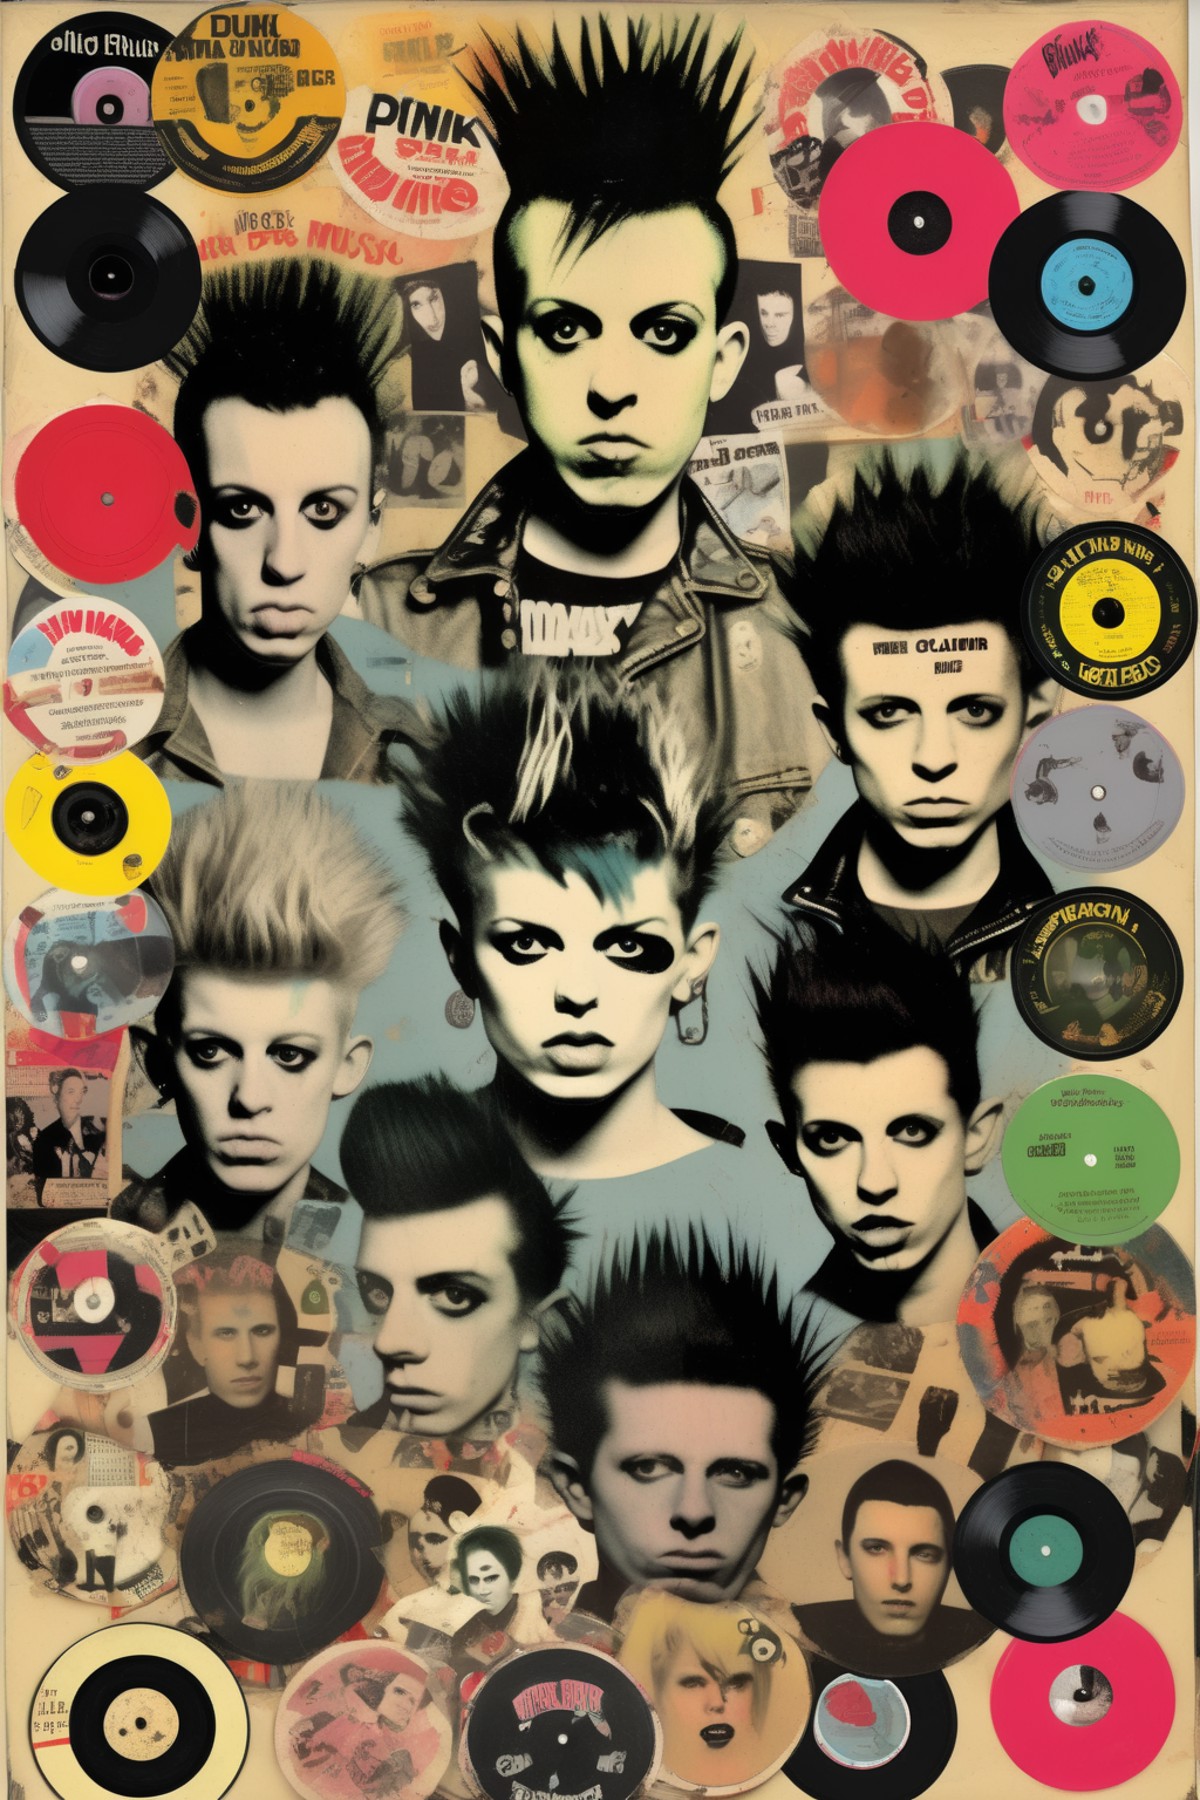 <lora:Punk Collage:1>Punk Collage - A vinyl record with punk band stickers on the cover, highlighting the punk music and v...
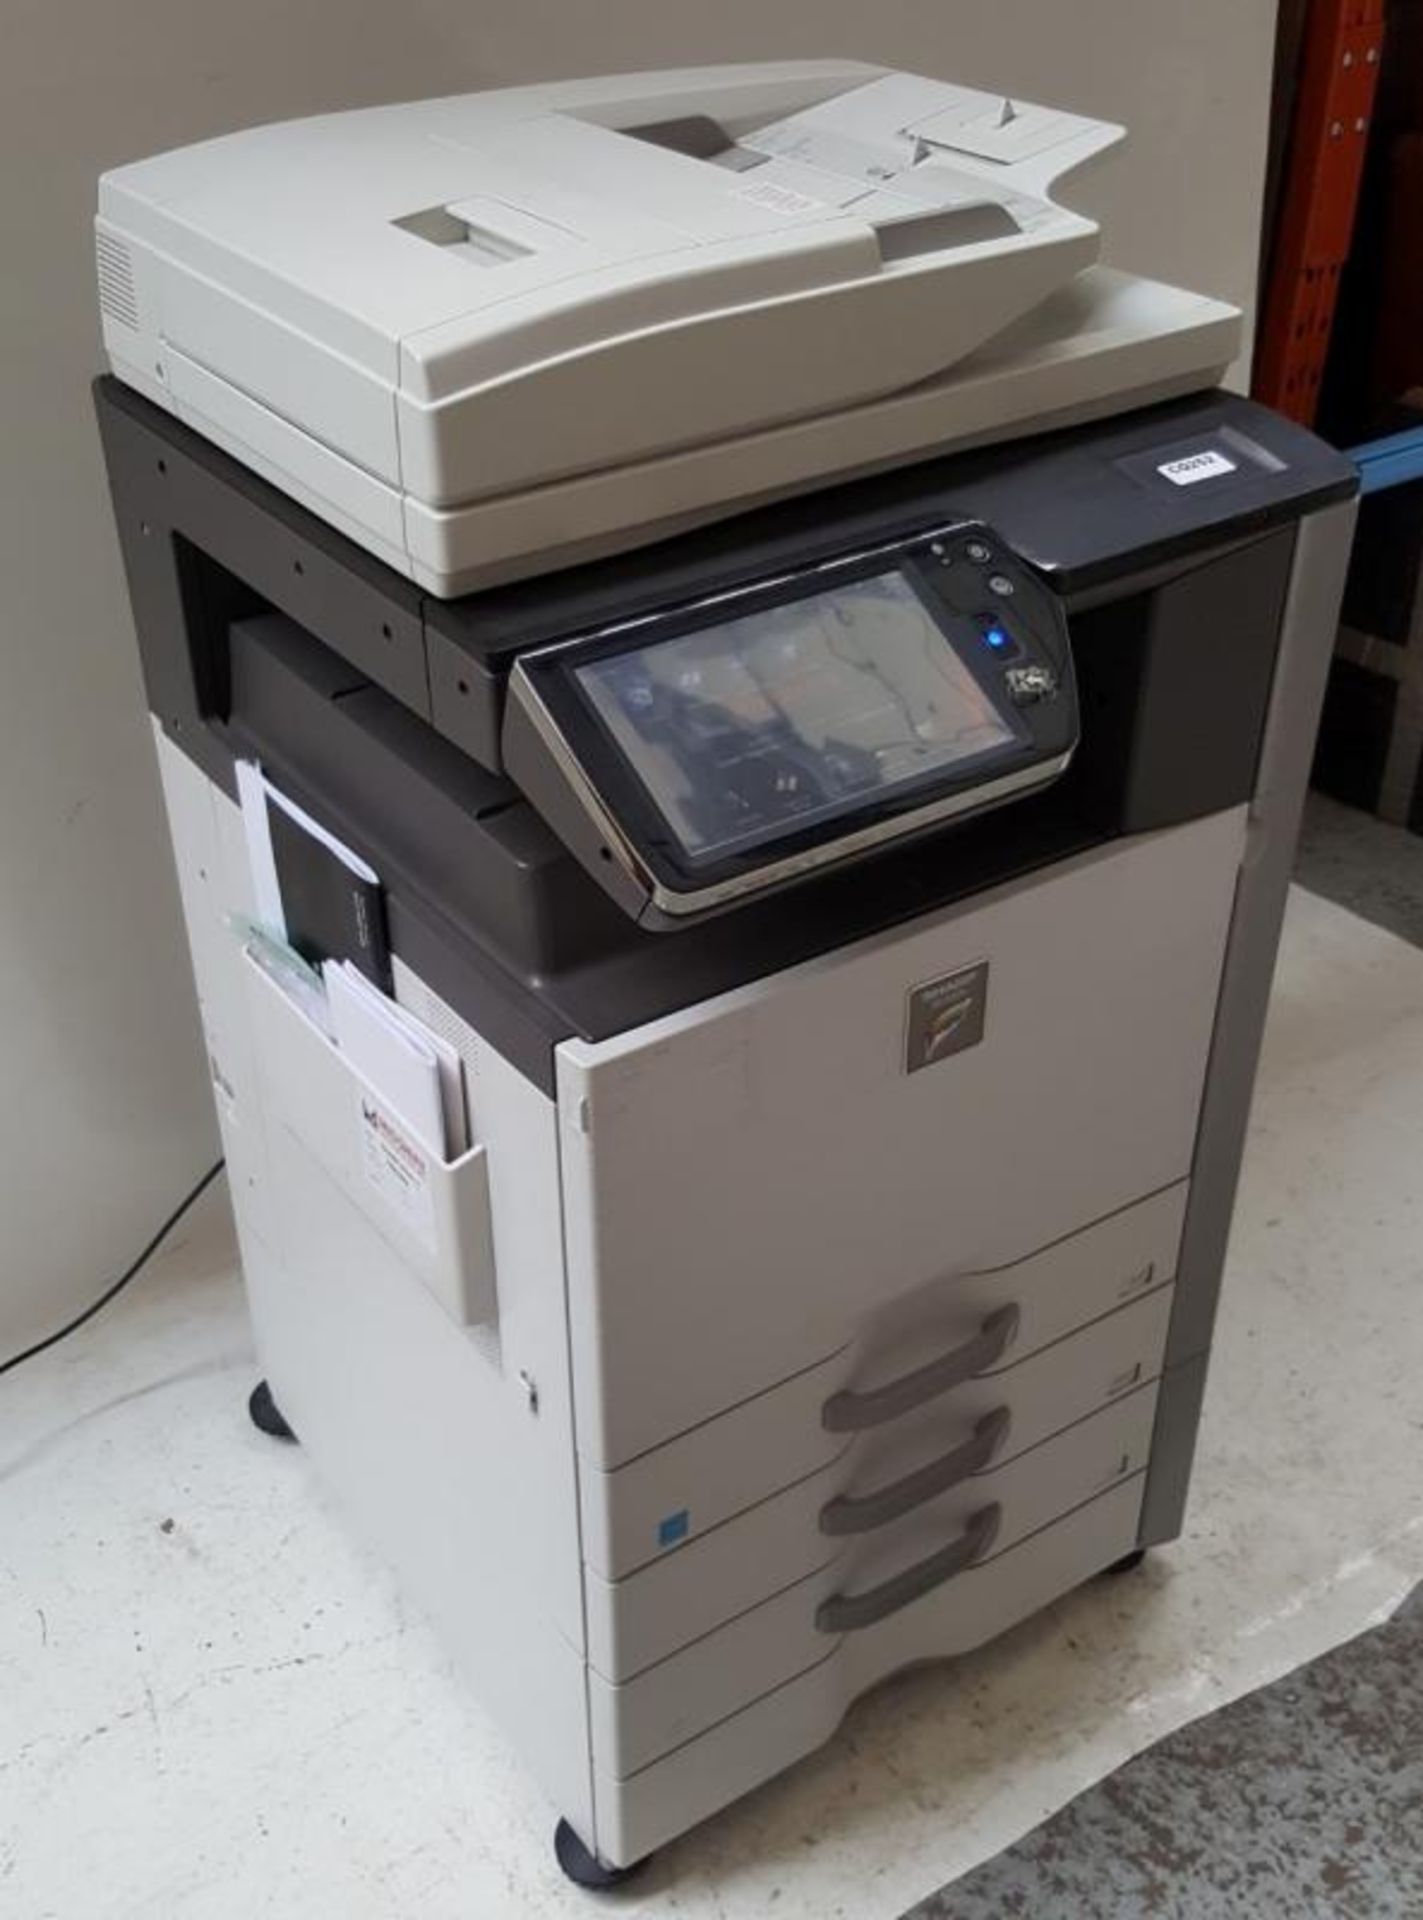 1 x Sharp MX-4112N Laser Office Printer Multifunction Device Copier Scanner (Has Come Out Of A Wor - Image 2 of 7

--

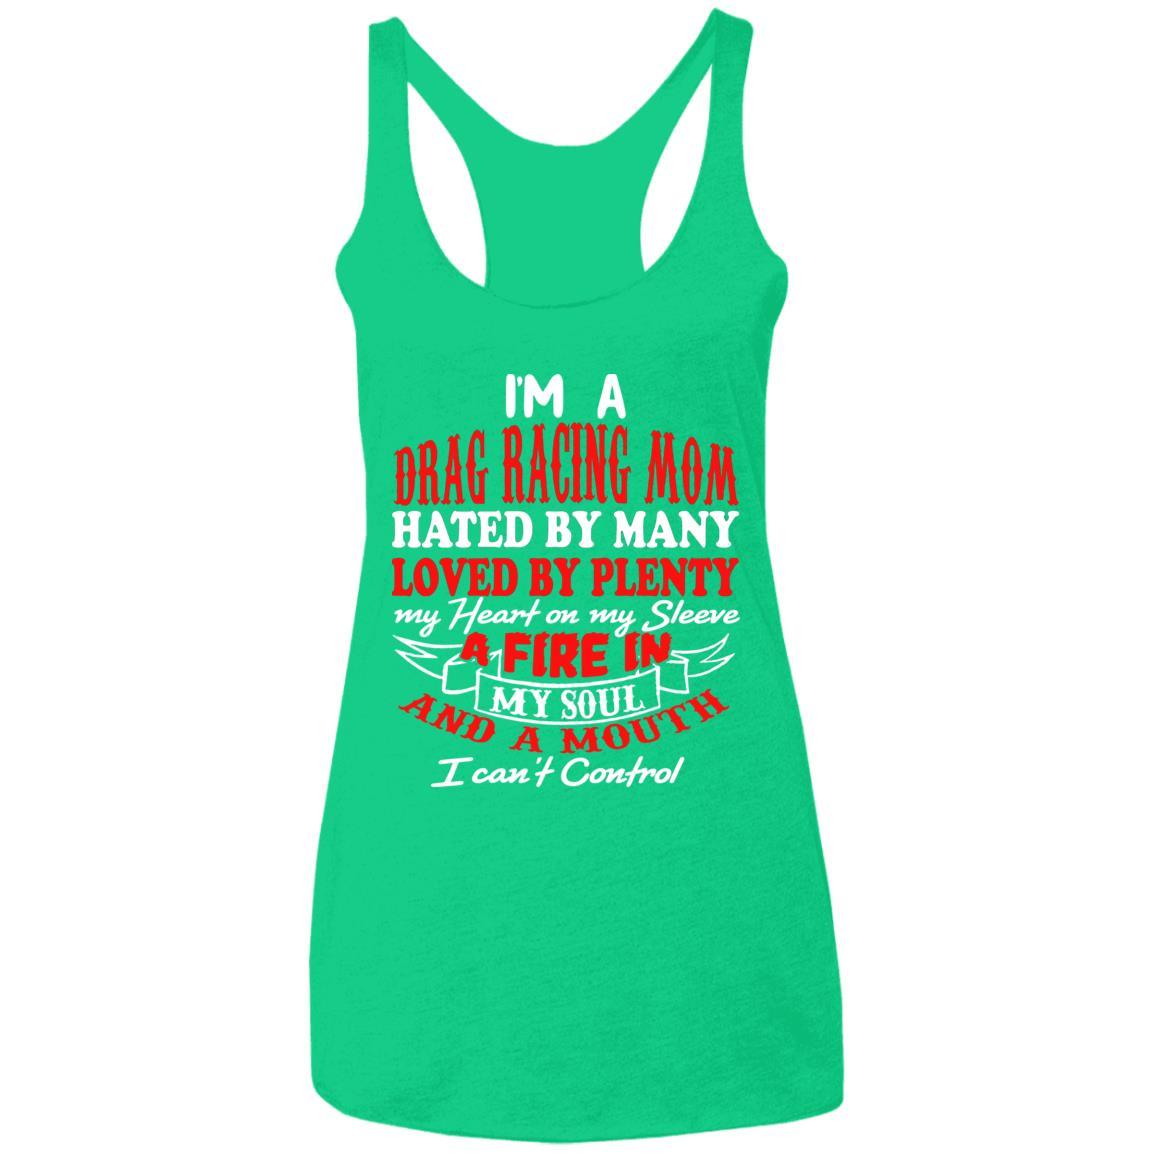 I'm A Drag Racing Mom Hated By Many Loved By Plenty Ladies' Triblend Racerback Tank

--

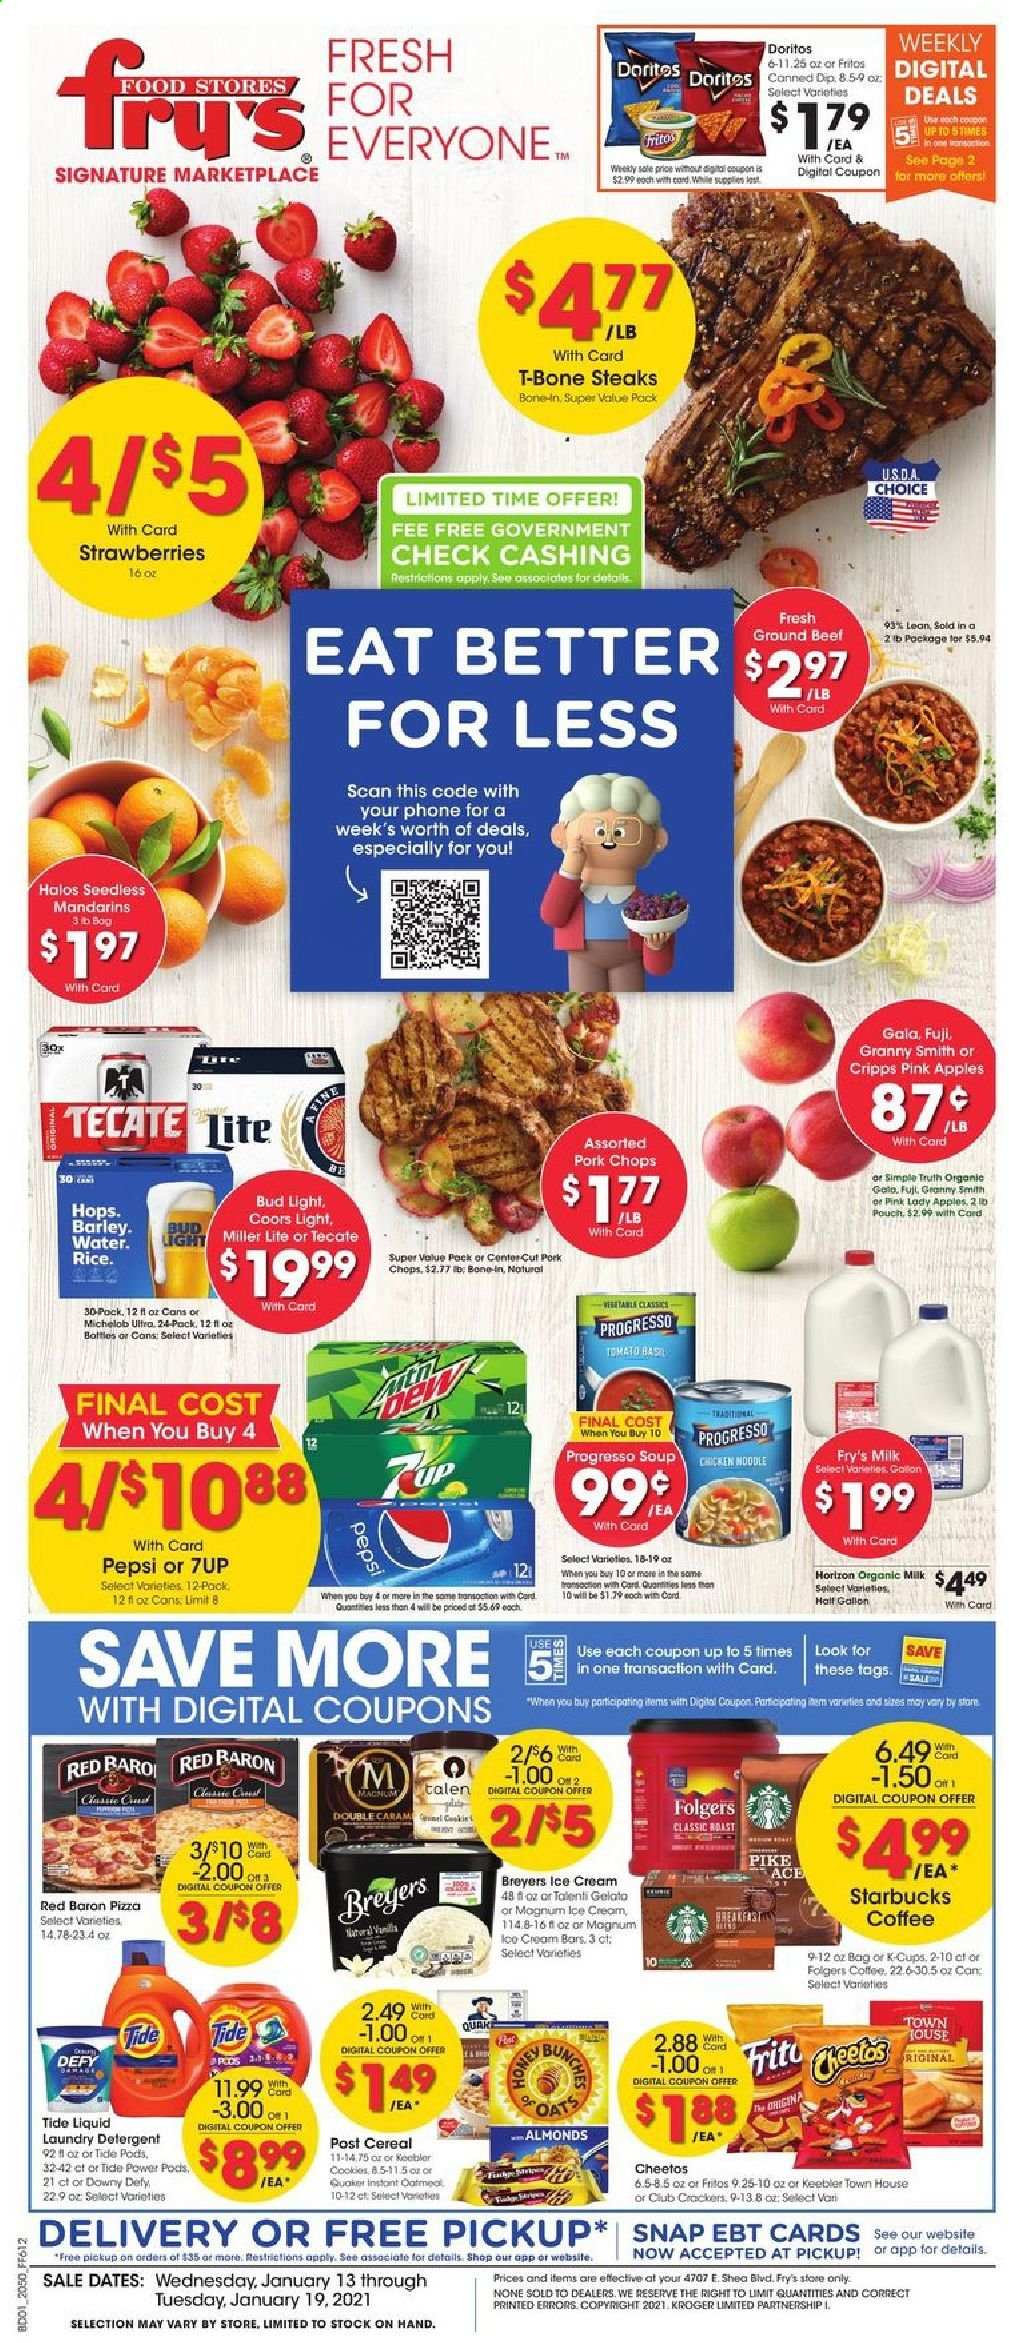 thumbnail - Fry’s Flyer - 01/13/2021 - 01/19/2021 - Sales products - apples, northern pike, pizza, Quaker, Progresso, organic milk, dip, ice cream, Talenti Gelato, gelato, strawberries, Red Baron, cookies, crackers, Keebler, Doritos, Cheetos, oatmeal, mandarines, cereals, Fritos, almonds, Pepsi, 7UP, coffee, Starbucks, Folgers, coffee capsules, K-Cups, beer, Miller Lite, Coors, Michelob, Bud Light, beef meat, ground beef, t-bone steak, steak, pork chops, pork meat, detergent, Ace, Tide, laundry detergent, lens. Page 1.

*Task instructions:*
Look above for the line with "<lora:Punk Collage:1>Punk Collage" and the line with "1 x Sharp MX-4112N", then copy them and all lines in between exactly as written, and only those, without any pictures.

*Exercise response:*
 <lora:Punk Collage:1>Punk Collage - A vinyl record with punk band stickers on the cover, highlighting the punk music and v...
 1 x Sharp MX-4112N Laser Office Printer Multifunction Device Copier Scanner (Has Come Out Of A Wor - Image 2 of 7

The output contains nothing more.